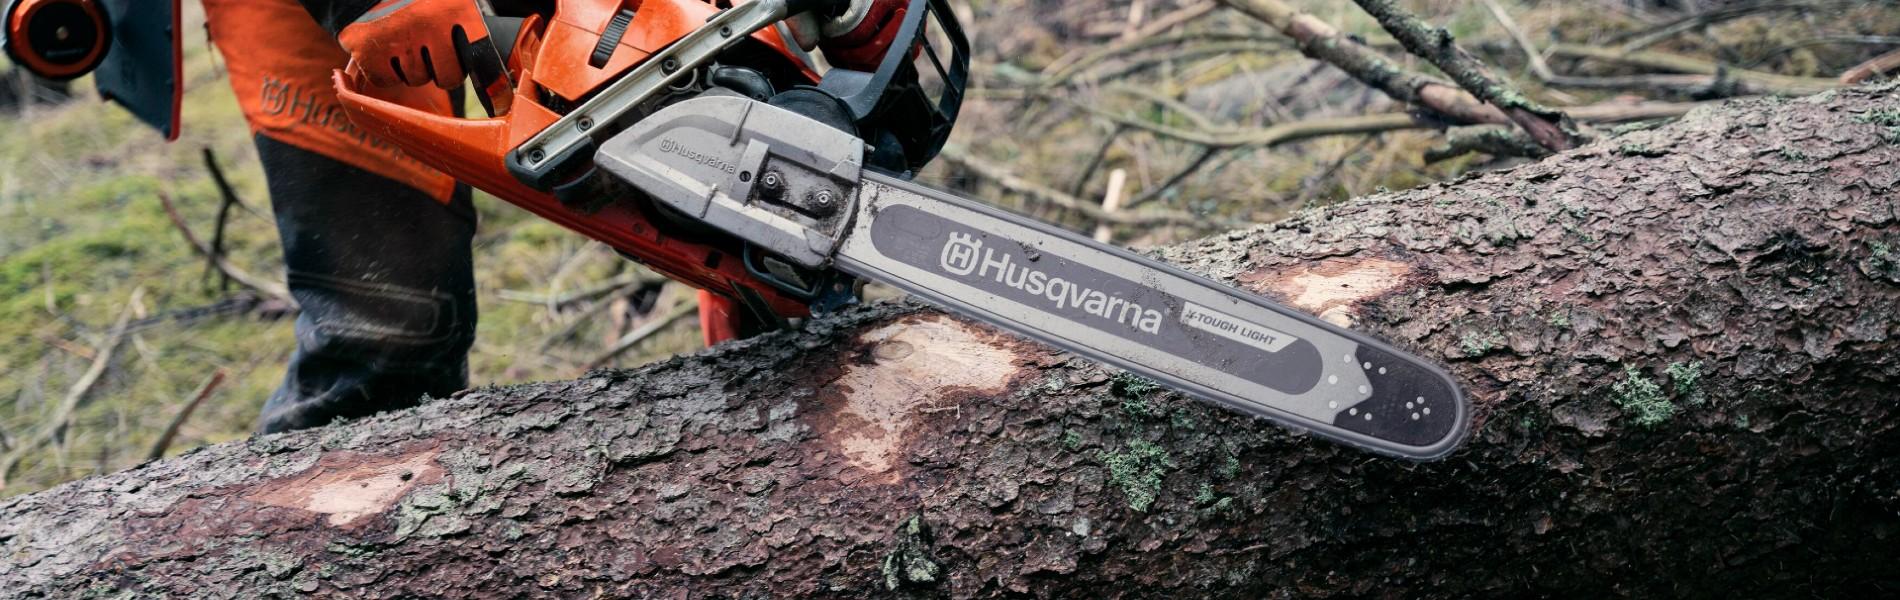 Husqvarna se alían con Tsumura / Suehiro Seiko Co LTD para desarrollar su próxima generación de espadas de motosierra
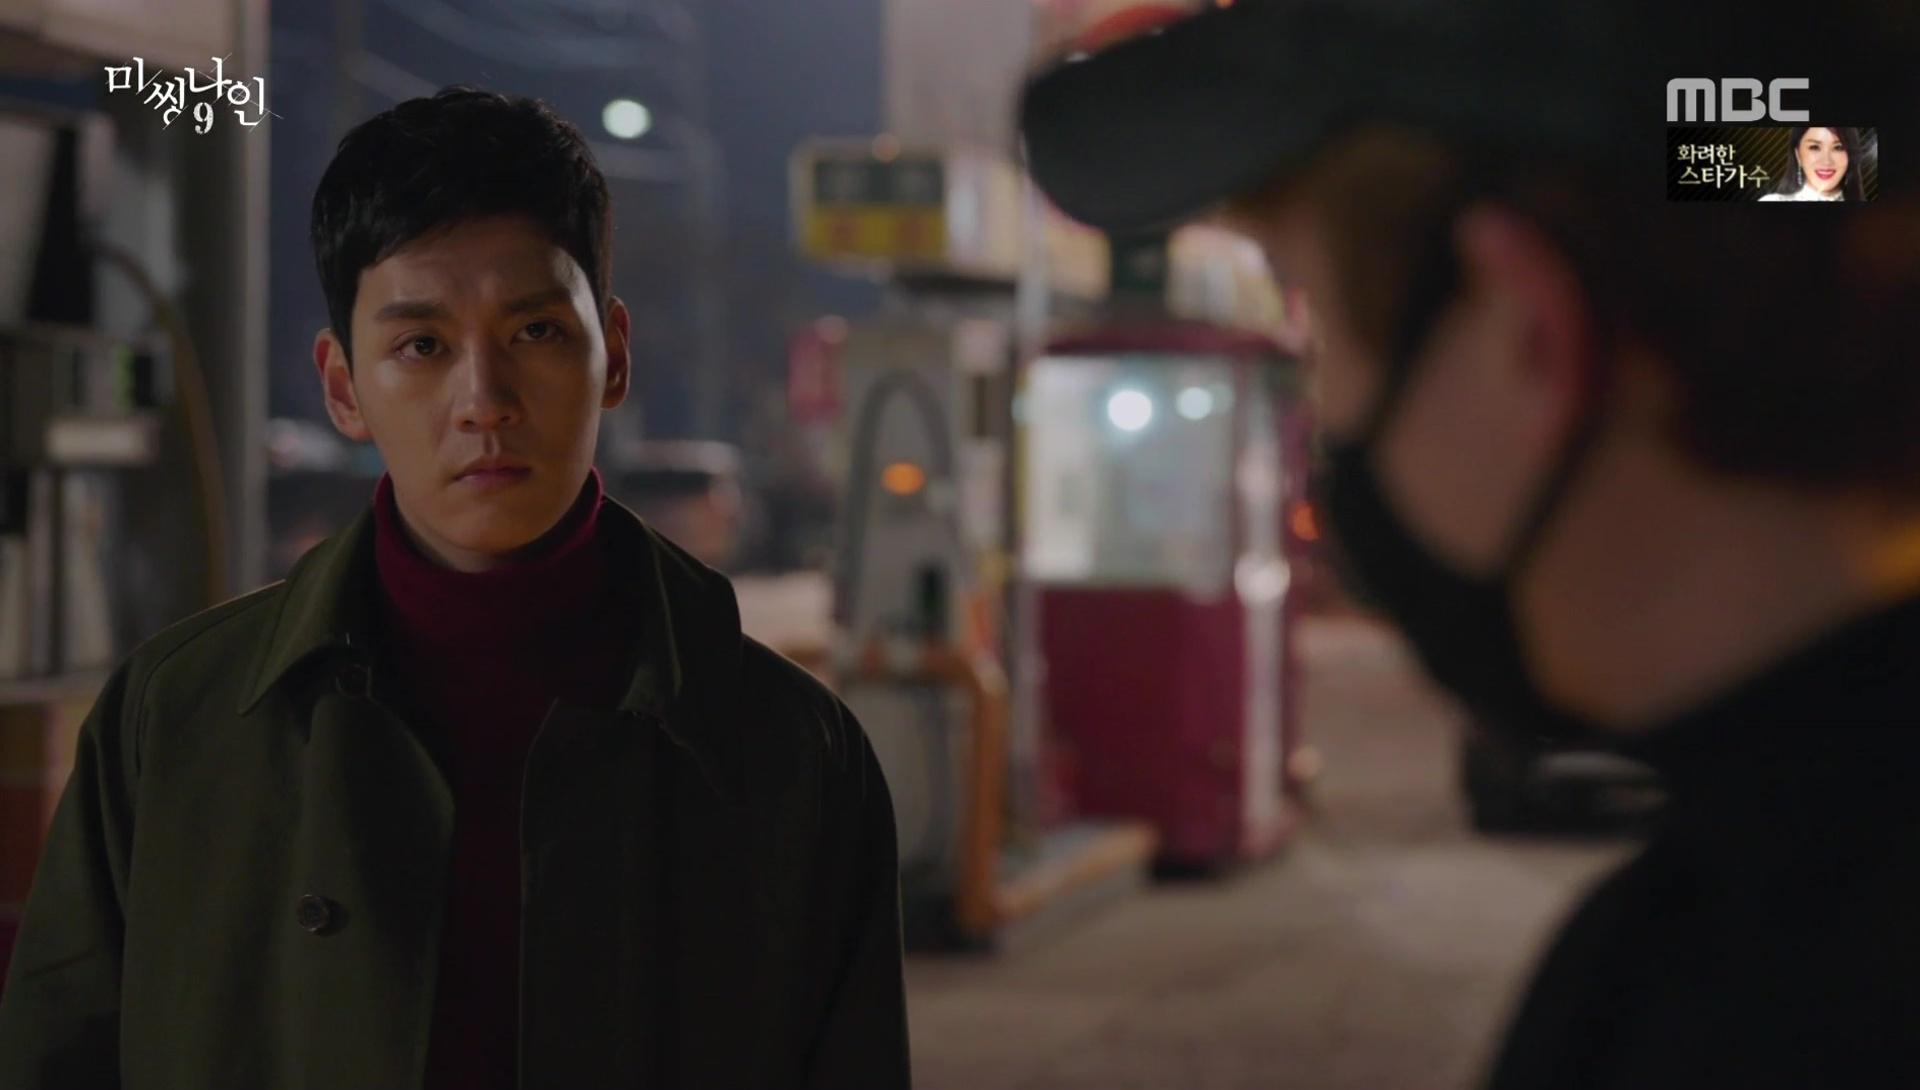 Big korean drama recap episode 13 / South indian hindi
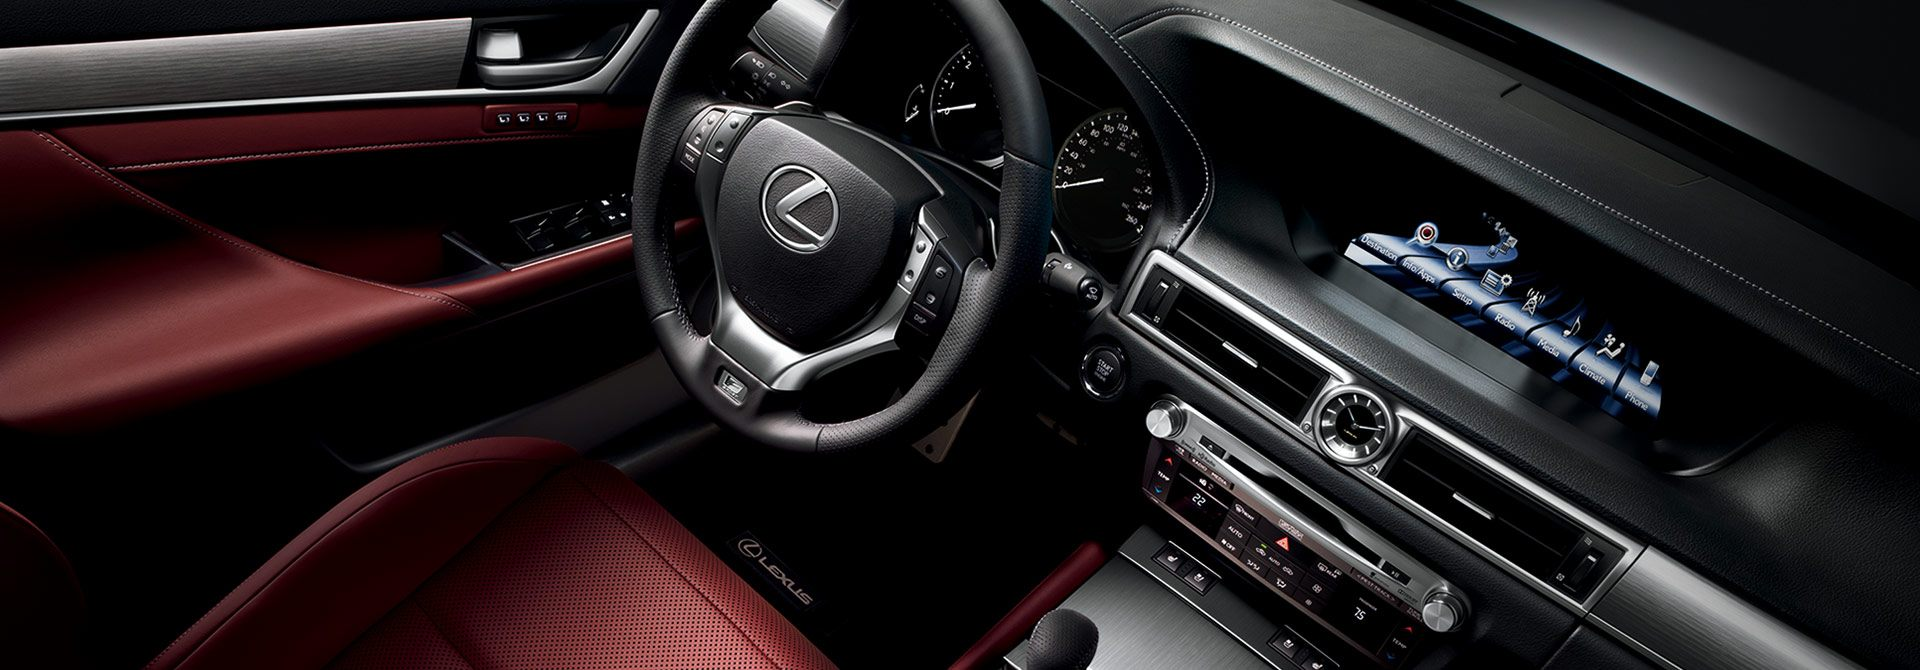 Lexus GS F Sport Dash
....................
The answer is the full listing above, repeated exactly, with its pictures removed.

 Husqvarna se alían con Tsumura / Suehiro Seiko Co LTD para desarrollar su próxima generación de espadas de motosierra
 Big korean drama recap episode 13 / South indian hindi
 Lexus GS F Sport Dash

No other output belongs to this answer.